One advantage of this study, compared with previous ones, was assessment of microleakage at both the occlusal and proximal box enamel margins, revealing that the occlusal enamel margin of restoration had significantly lower microleakage than the proximal box enamel margin. This finding can be due to higher degree of conversion of composite and adhesive at the occlusal margin due to shorter distance between the tip of the curing unit and the surface, compared with the proximal box enamel margin [41]. Moreover, enamel thickness in the occlusal area is higher than that in the proximal area. Higher number of enamel cracks in the cervical region can also contribute to higher marginal leakage in the proximal area [39].
Microleakage is influenced by the type and size of tooth, C-factor of the cavity, adhesive technique, and composite polymerization technique [44]. Since, we tried to standardize all these factors in the present study; therefore, the results obtained only reflect the effect of the composite type on microleakage. We found that irrespective of the location of margin, the difference in marginal microleakage was not significant between bulk-fill composites and the conventional composite applied incrementally, which was in line with previous findings [45–48] although the frequency of margins with no or low-grade leakage was higher in bulk-fill composites. Previous studies did not report a significant difference in marginal leakage of bulk-fill and conventional composite resins either [46–49]. Also, this study showed lower microleakage at the enamel compared with dentin margin, which was in agreement with previous findings [37], and is due to simpler process of bonding to enamel, and the challenges encountered in bonding to dentin due to the differences in the degree of mineralization and water content of enamel and dentin. In this study, maximum leakage was recorded for P60 conventional composite applied as bulk-fill in 4-mm increments. Marginal microleakage of other composite groups was not significantly different at any margin. Low marginal microleakage of bulk-fill composites can be due to their modified composition, higher curing depth, and lower polymerization shrinkage. Higher polymerization depth of bulk-fill composites is due to the type, size, and shape of filler particles and their chemical composition, resulting in their higher translucency and subsequently higher polymerization depth [28,35,43,56]. Addition of pre-polymerized fillers [57] and presence of stress inhibitors [1] in the composition of bulk-fill composites further decrease the polymerization stress. Also, some of bulk-fill composites have novel photo-initiators such as Ivocerin with higher capability to generate free radicals compared with camphorquinone [55].

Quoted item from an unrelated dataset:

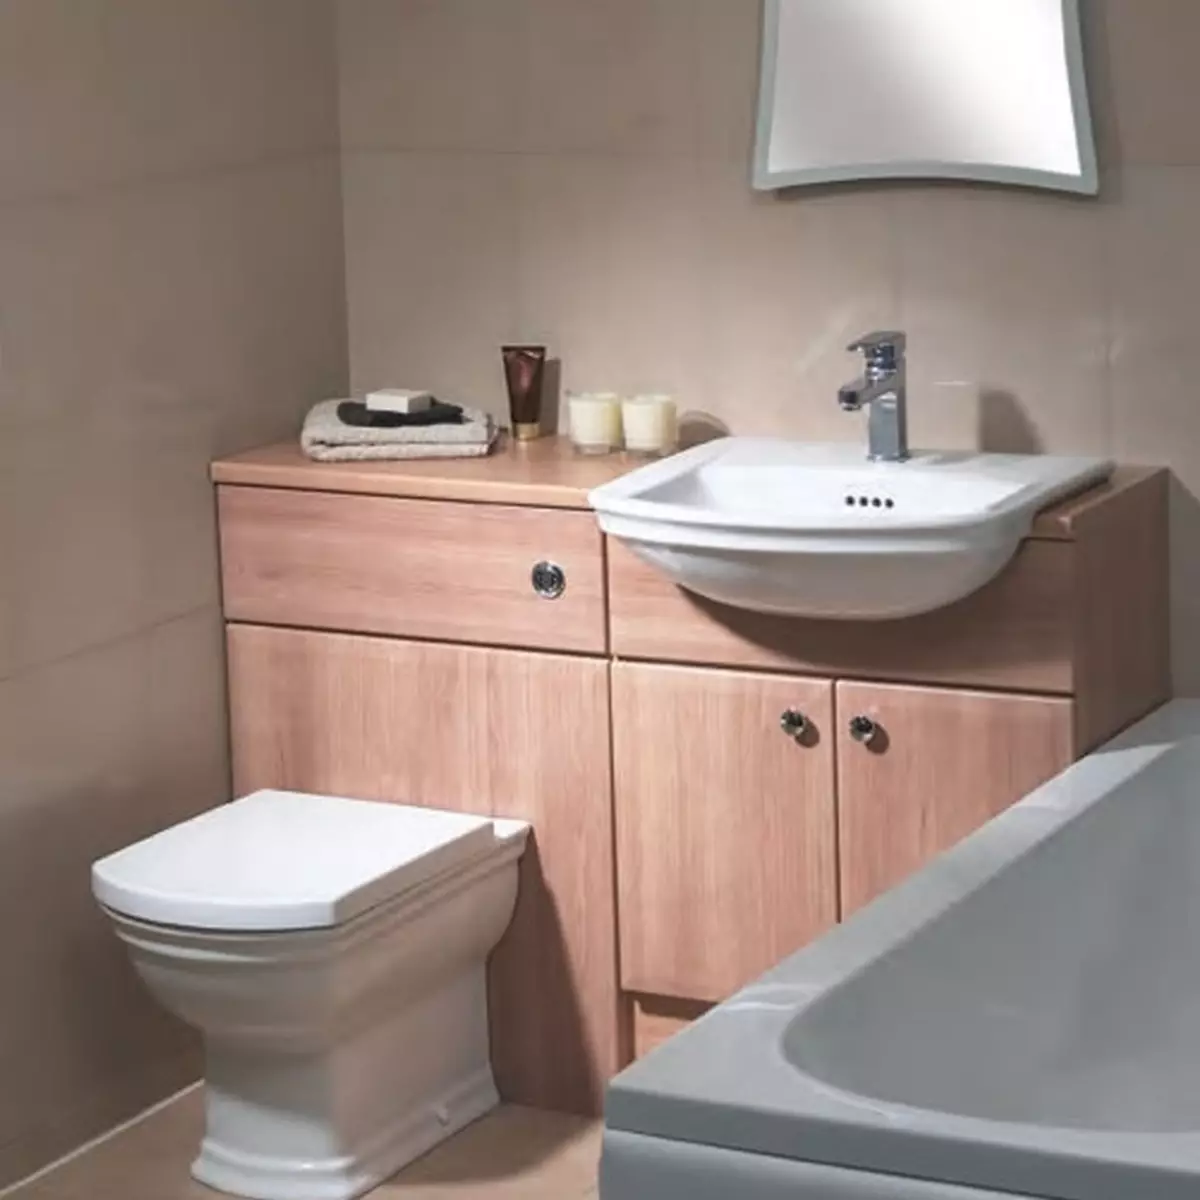 विट्रा शौचालय: निलंबित और उग्र तुर्की शौचालयों की विशेषताएं, मॉडल ज़ेंट्रम और सेंटो की समीक्षा, ढक्कन और आउटडोर सेरेनाडा के साथ Arkitekt कॉर्नर शौचालय, समीक्षा 10522_13

This study was conducted on extracted teeth then lack of pulpal blood supply changes the physical and structural properties of dentin, which can affect the cuspal flexure and microleakage of composite resins after their polymerization. Short-term follow-up was another limitation of this study since cuspal flexure and microleakage were only assessed for 7 days after restoration. Future in-vivo studies are required to assess the effect of cuspal flexure following different restorative techniques particularly with bulk-fill composites on clinical signs and symptoms to obtain more reliable results.